Maybe you are now thinking "how is this example a Basic Instruction?". Well, it is about the three data types HCADwin is using. Boolean, Integer and Real. The small black line conveys a Boolean, the thick green line an Integer and the thick purple line a Real.
And you can explicitely change the type. Normally HCADwin is using its implicit type conversion, but it is done by the same symbol.
The six functions to do so are:
function b2i(b:boolean):integer; //Type conversion routines
function b2r(b:boolean):Real;
function i2b(i:integer):boolean;
function i2r(i:integer):Real;
function r2b(r:Real):boolean;
function r2i(r:Real):Integer;
to be found in the HSLunit.pas in the "systeem" directory.
Type conversion part 2.
Using the Btest symbol, you can select a bit from an Integer. The above example is showing how I created four Boolean signals all nicely oscillating to be used for different flashing lights.
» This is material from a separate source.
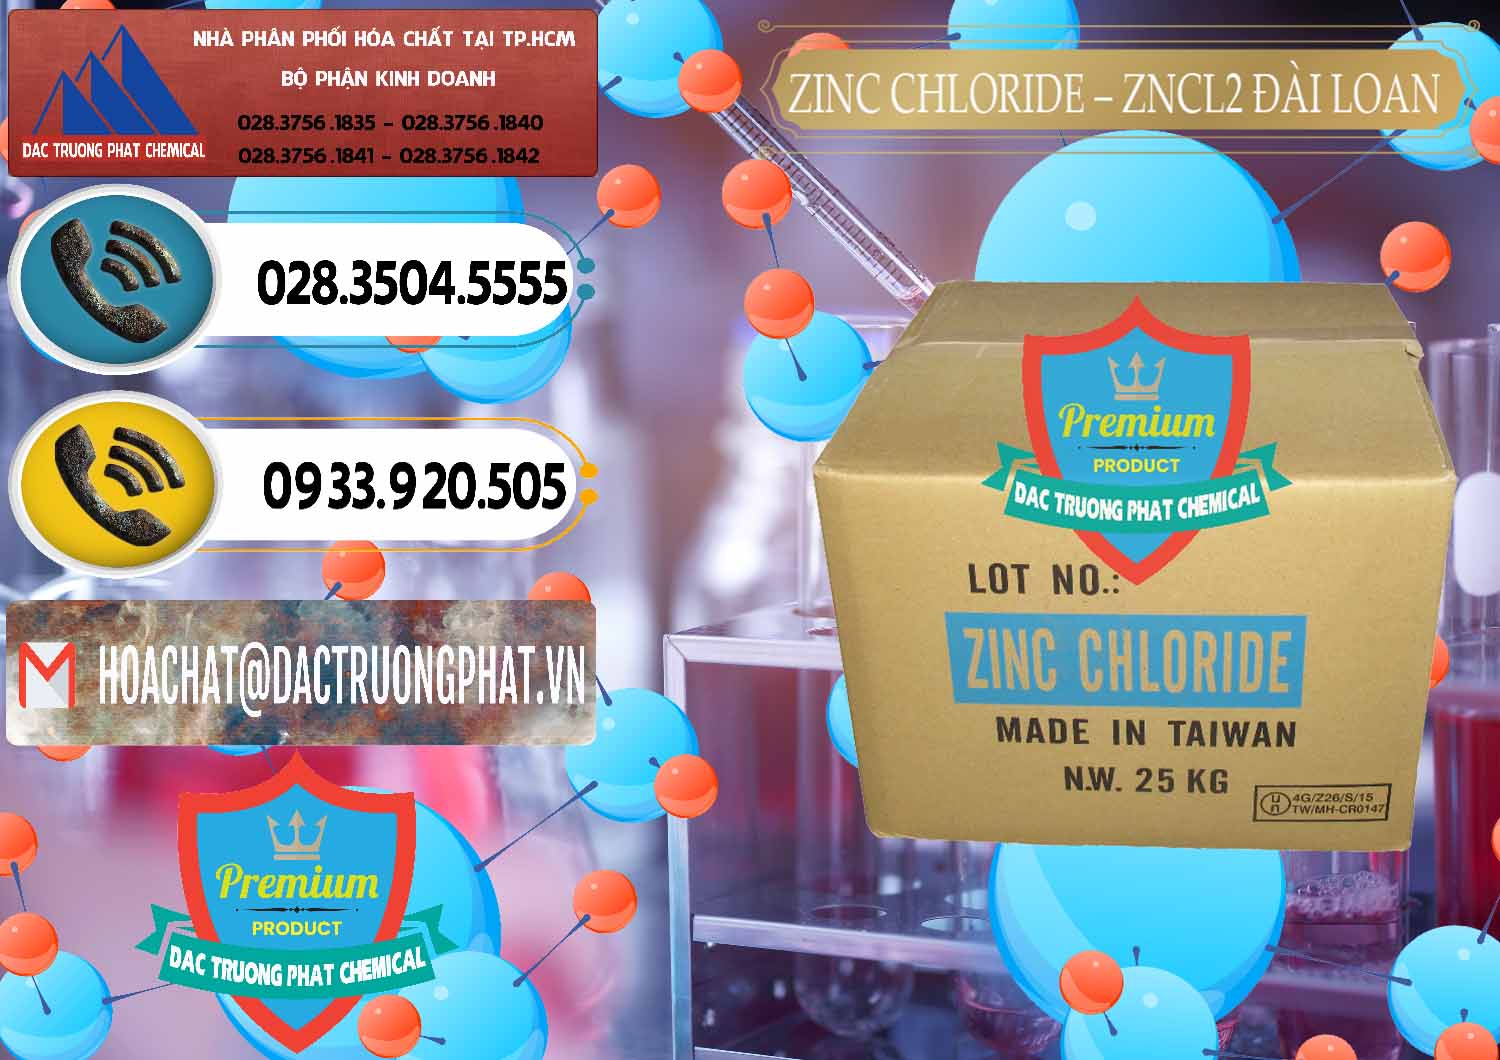 Công ty bán _ cung ứng Zinc Chloride - ZNCL2 96% Đài Loan Taiwan - 0178 - Công ty phân phối ( cung cấp ) hóa chất tại TP.HCM - hoachatdetnhuom.vn

Awareness of your data types and how you can apply them, is essential when listening to Toby Hoare. You can do almost nothing to achieve your goal, but you need to know your data types and the instructions to handle them. Especially when representing your process, try to avoid Booleans and use Integers instead. An Integer can express much more. If you have coded your process representation in multiple Boolean memories, you always have to add logic to keep them synchronized.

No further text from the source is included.